Carlton Mellick has made his writing career as one of the pillars of the bizarro community.  To some, he’s already a legend.  But with his newest book, it’s easy to see that Mellick is still evolving as a storyteller.  It seems he’s no longer content to put on a weird spectacle, so he’s pushing himself into new territories.  Warrior Wolf Women is one of his longest books, and strangely enough, it’s not very genre-heavy.  The post-apocalyptic “Road Warrior” theme isn’t so prevalent in Warrior Wolf Women.  This isn’t a simple adventure of barbarism in a blighted future.  In fact, almost half of the story takes place in McDonaldland, a mega-city walled off from the wastelands (similar to the world of Judge Dredd).  The landscape of McDonaldland could’ve been its own book, but Mellick has different intentions for this story.

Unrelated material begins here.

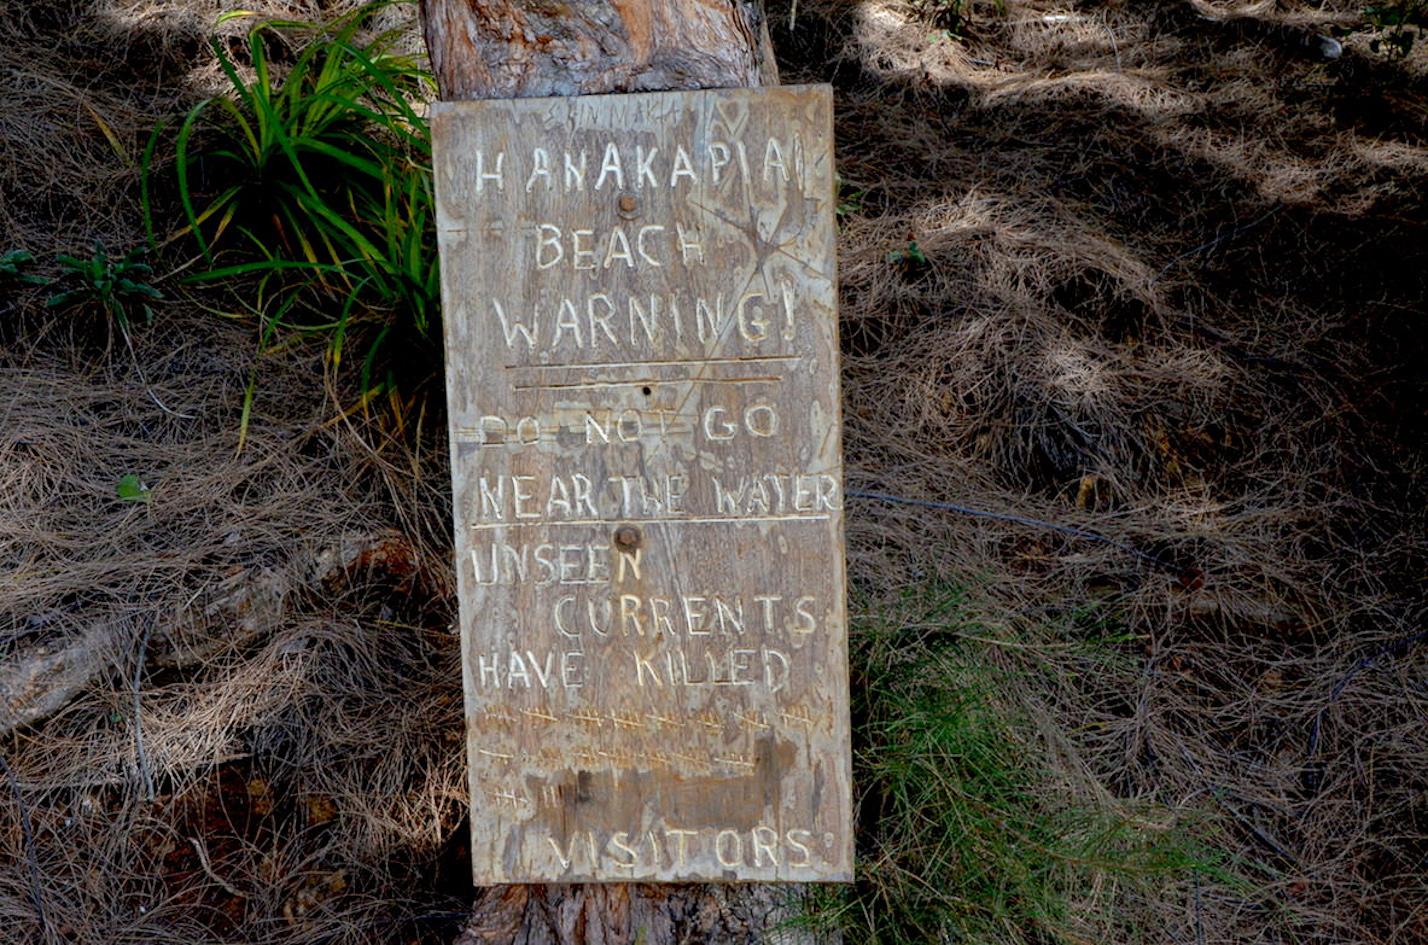 Kanakapiai Beach kauai hawaii

The main character, Daniel Togg, is exiled from the city to (presumably) die in the apocalyptic wild.  Like I said earlier, what unfolds isn’t your typical post-apocalyptic story.  Warrior Wolf Women becomes a tale of a fierce battle of the sexes.  In this world, women slowly evolve into gigantic wolves while the men tend to sprout extra limbs.  Both are considered freaks in civilized society, and are thrown out of the city and into the wild.  In the wastelands, the Wolf Women enslave the men, and the men have rallied to defend themselves.  The two factions are at war with one another, and Mellick uses this setting to tell a romance between Daniel Togg and his childhood friend, November.  The two are separated by the weird gender roles society has thrust upon them.  They are trapped in a cycle, as the women kill the men to survive, and vice versa.

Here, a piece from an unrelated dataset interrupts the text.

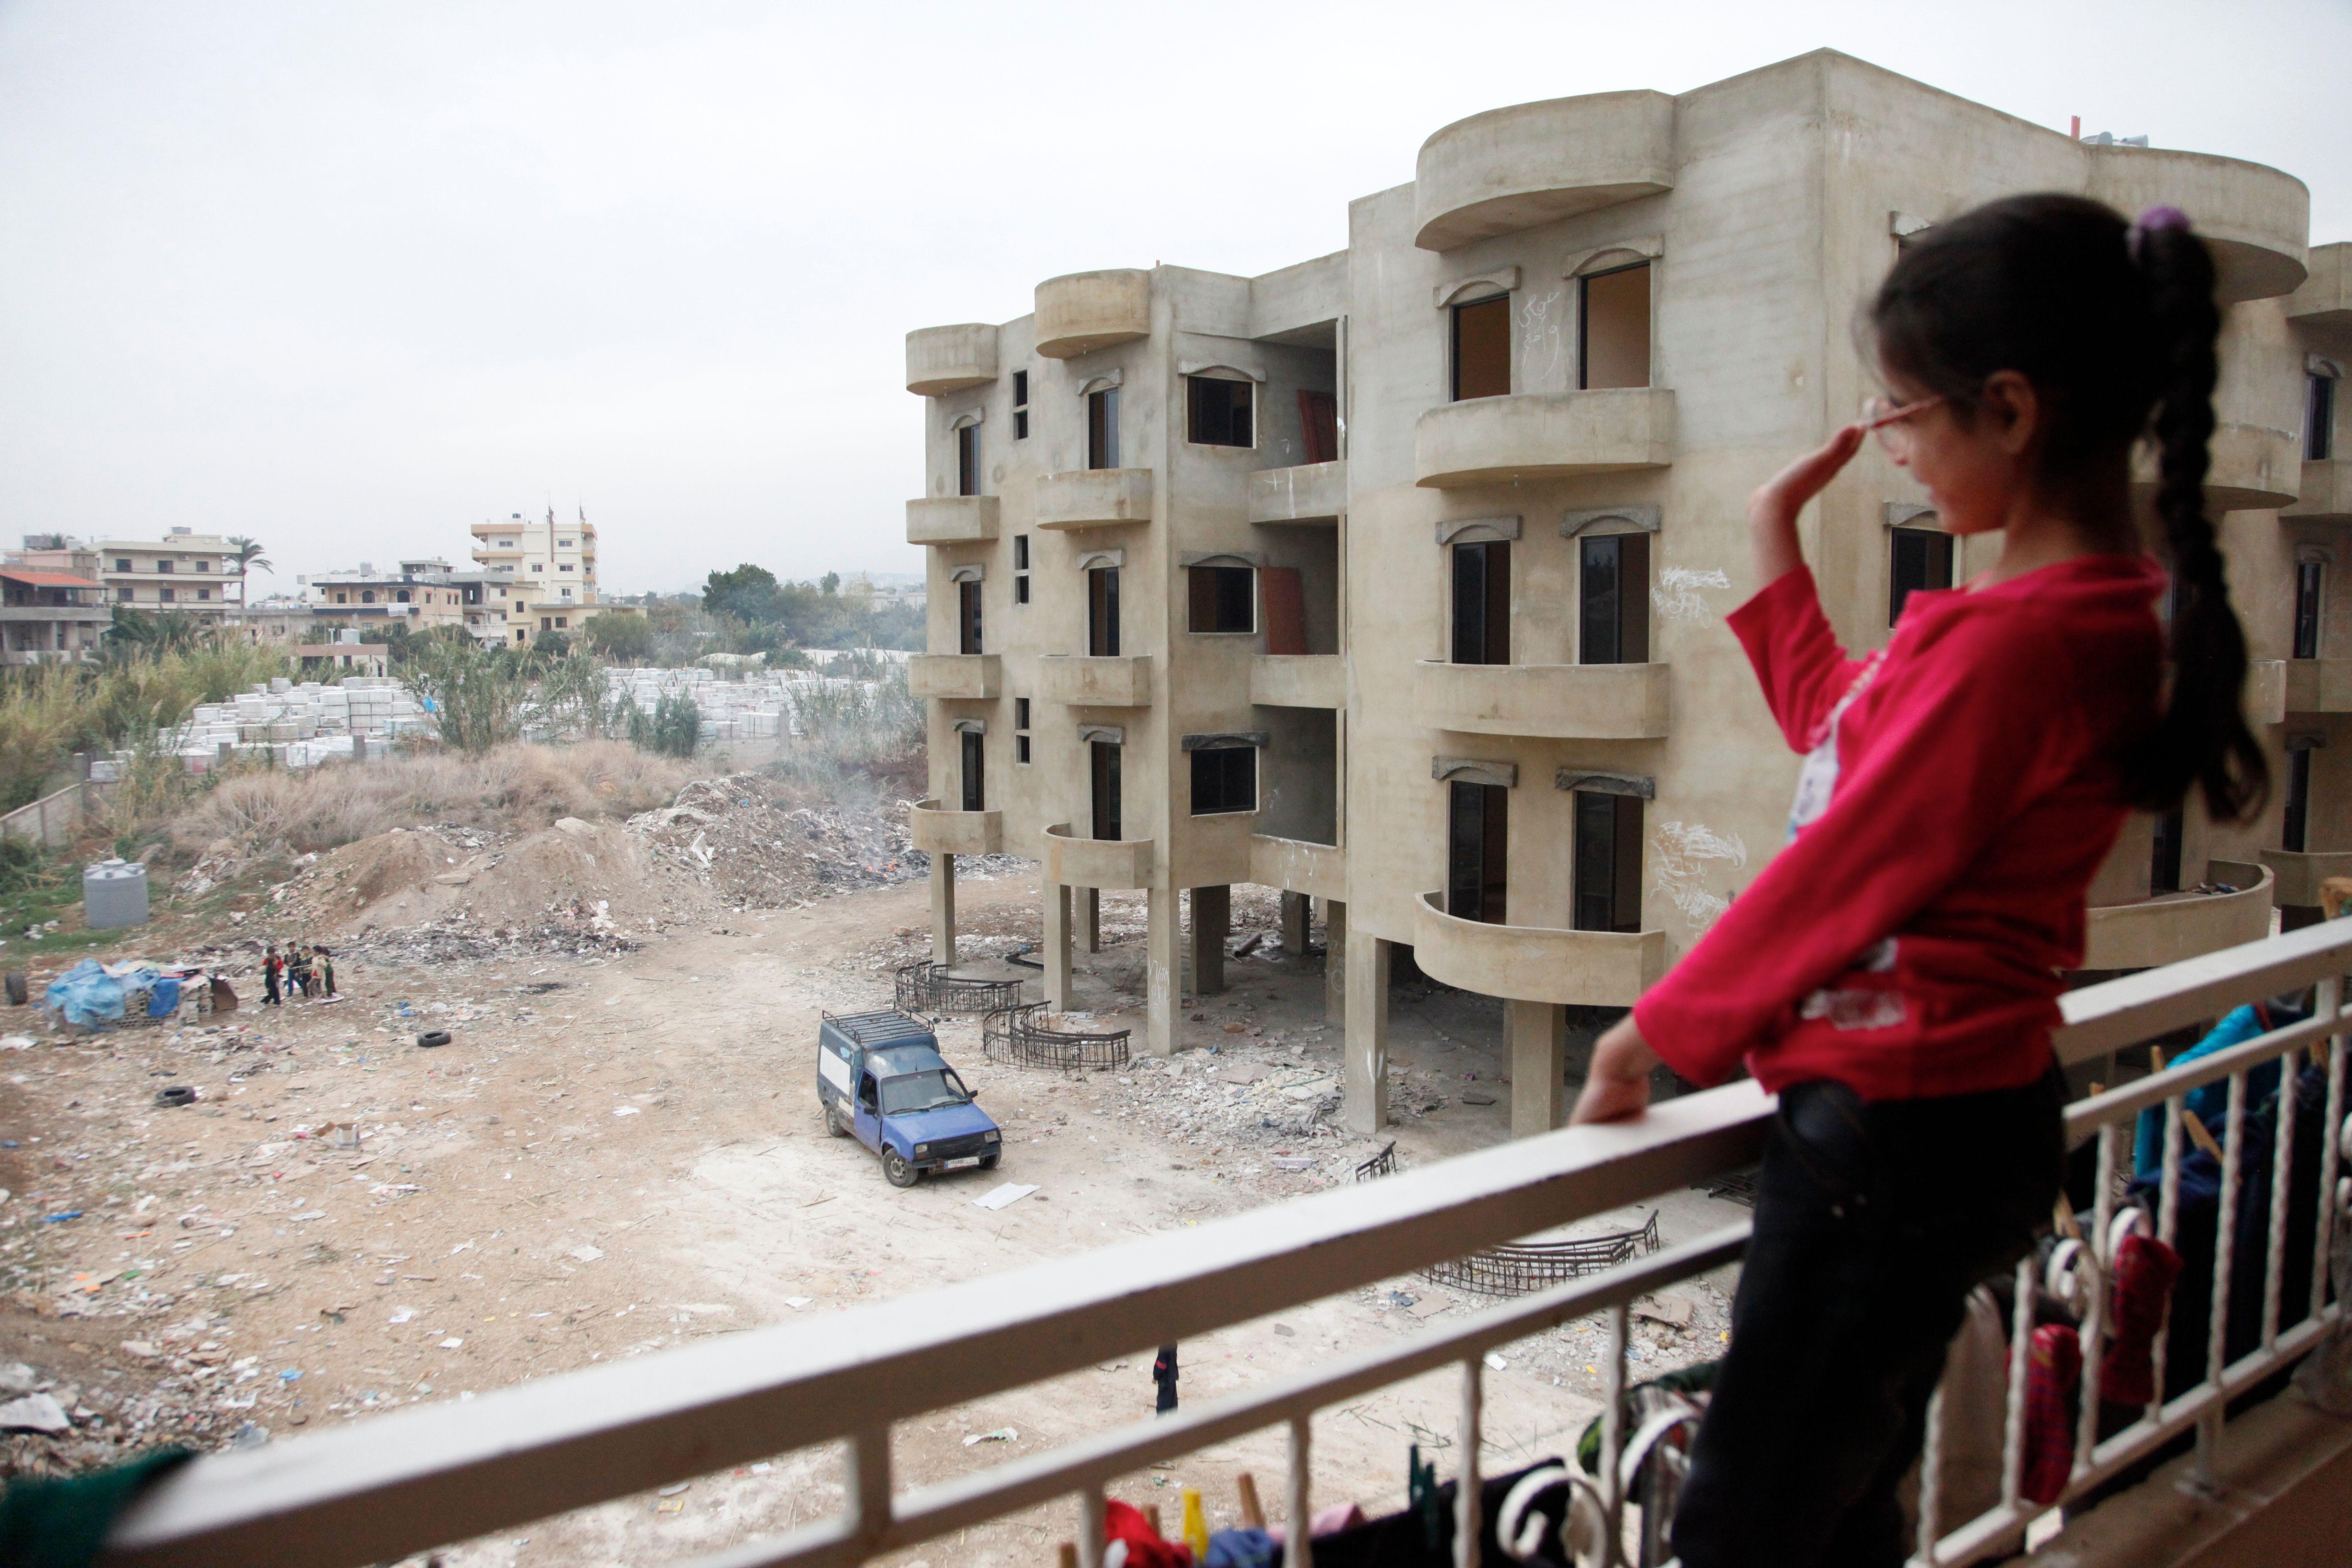 #Uruguay si offre per dare rifugio ai bambini vittime della violenza in #Siria.  #Mujica scrive alla ONU http://ow.ly/wCzca

Some characters manage to break out of the prescribed roles of this world.  The characters of Krall and Slayer seem to have some sort of loving relationship, founded on the fact that they aren’t your typical man or woman.  They’re society’s exceptions to the rules, the ones who fall through the cracks.  Because of this, they manage to create a real relationship when everyone else seems totally trapped by society’s gender roles.  And as Mellick peels back the layers of this social structure, we see just how weird and depraved this gender separation can be.  When Daniel discovers the secret schemes of the war between male and female, it’s absolutely stomach-churning.

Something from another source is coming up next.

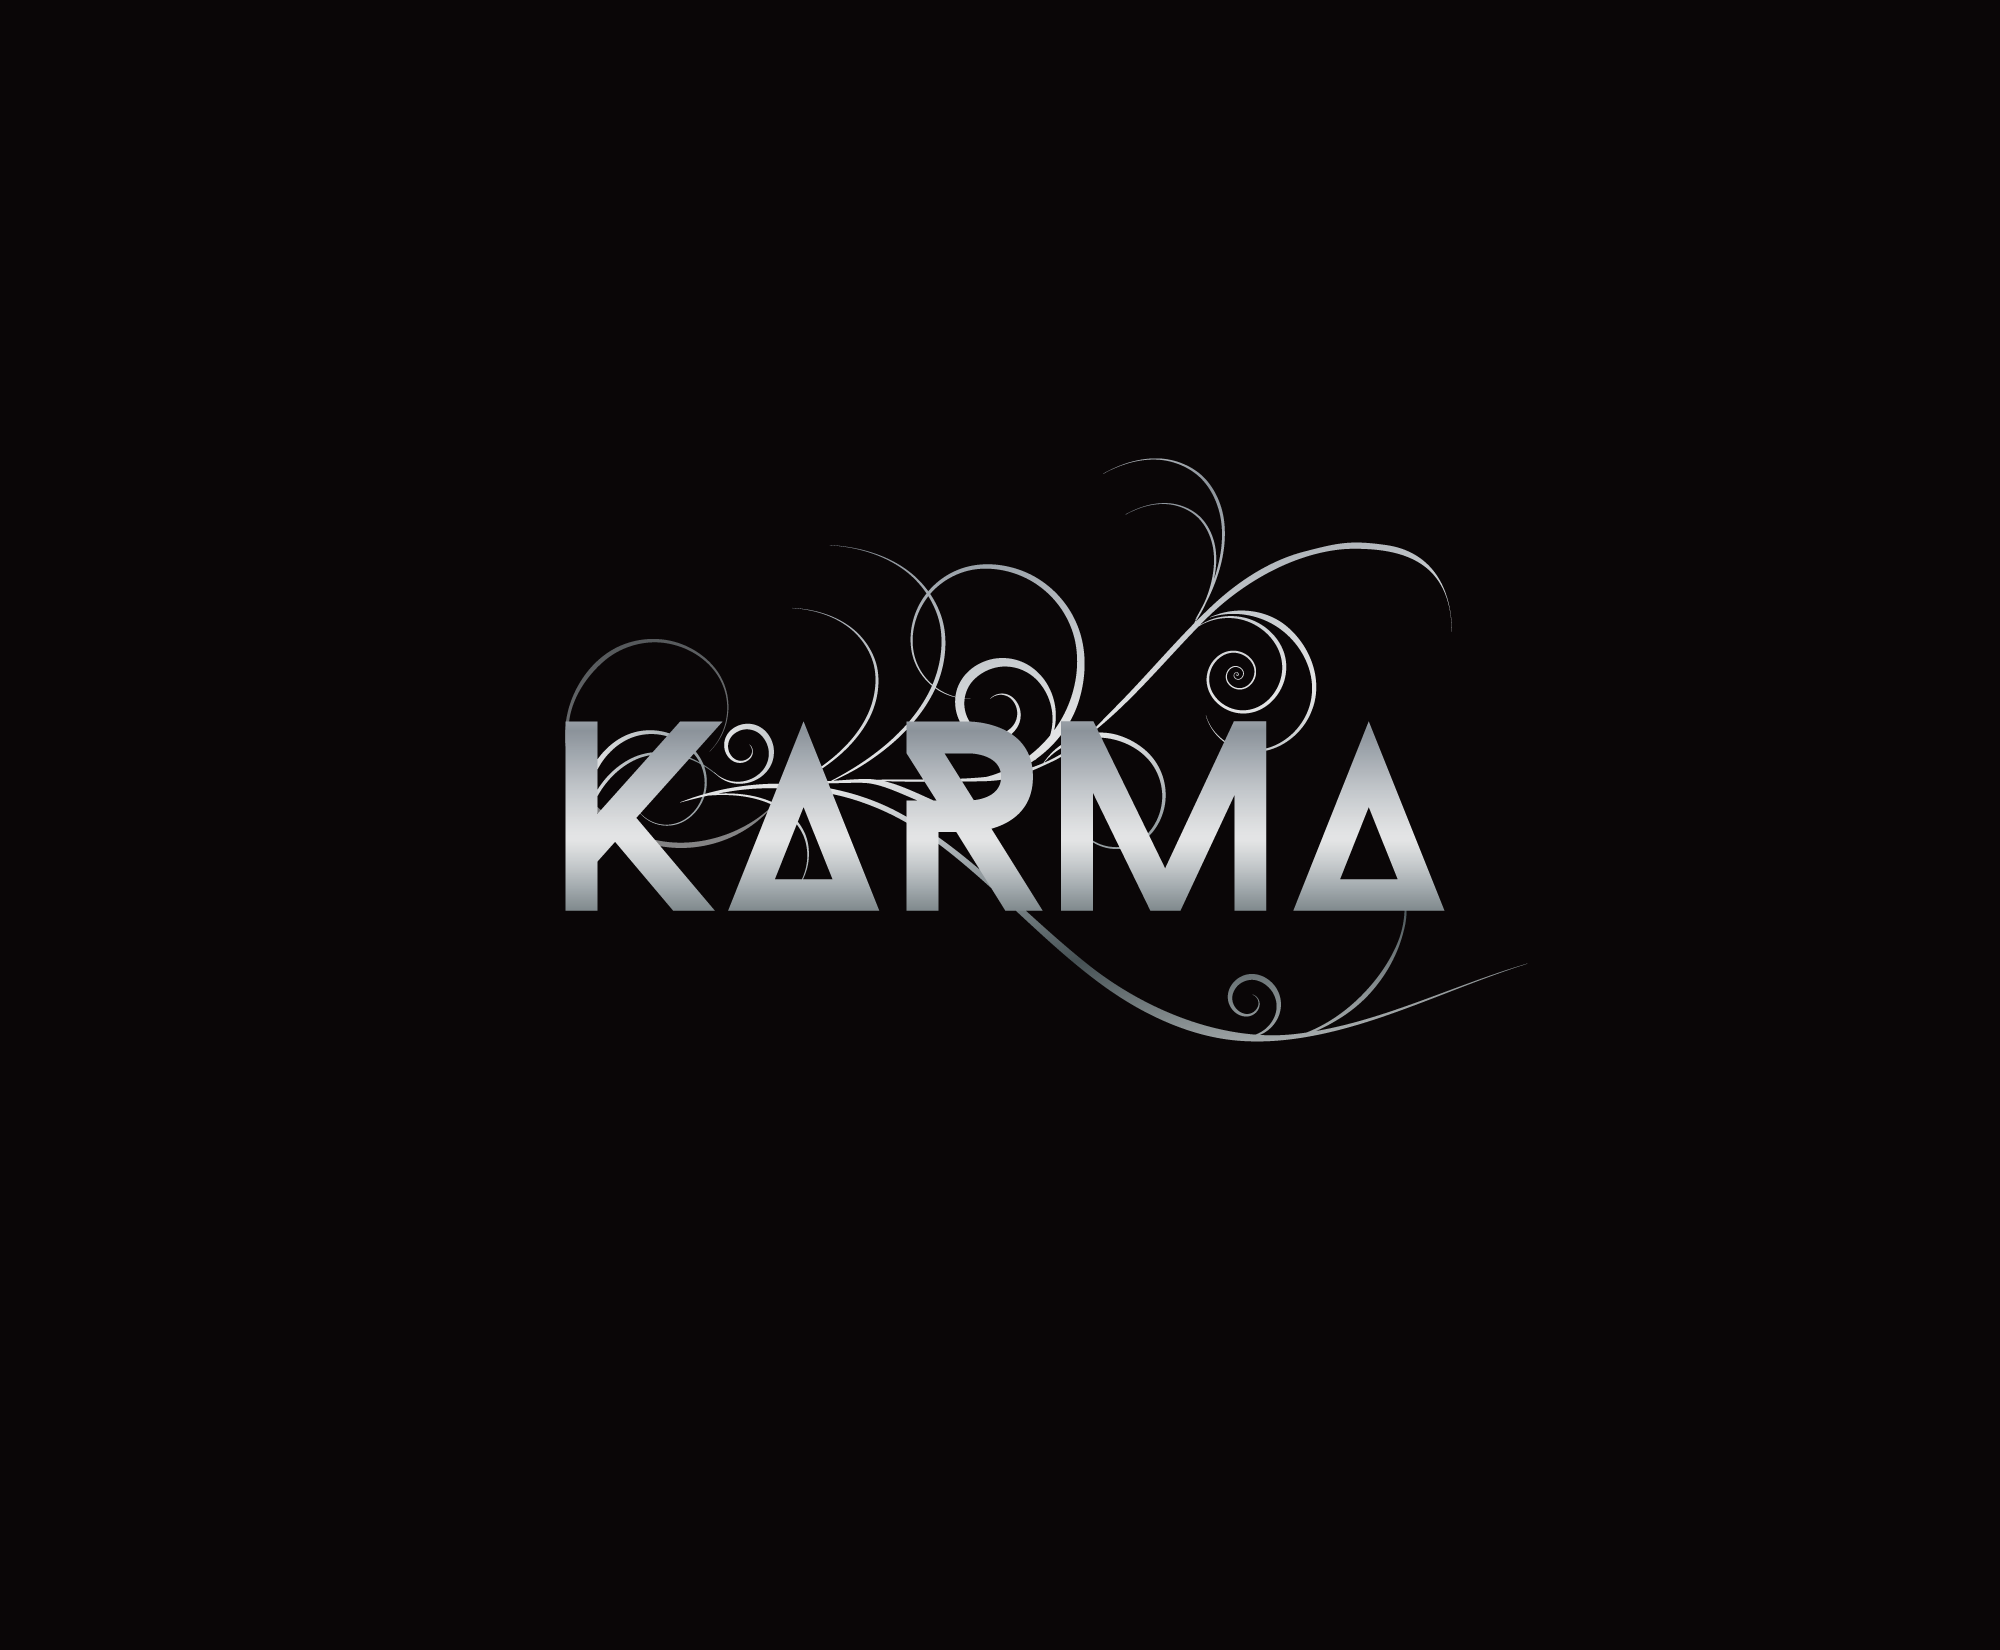 Karma what comes around goes around:music makes world go round

Warrior Wolf Women of the Wasteland is a pretty good tale, and it might go down as one of Mellick’s most thoughtful bizarro books.  It was exciting, strange, violent, and sexual, but don’t expect a simple action story in the vein of “Mad Max.”  There are plenty of crazy battles, but these scenes only serve a greater theme in the story.  Despite the grittiness, this story has a lot of heart.  Besides the theme of abusive gender roles, I thought Warrior Wolf Women was similar to “The Island of Dr. Moreau,” a meditation on the animalism of humanity and the sort of atrocities we commit against one another.  There’s a lot going on for this book, and strangely enough, I haven’t really spoiled anything for you.  Make sure you read this one.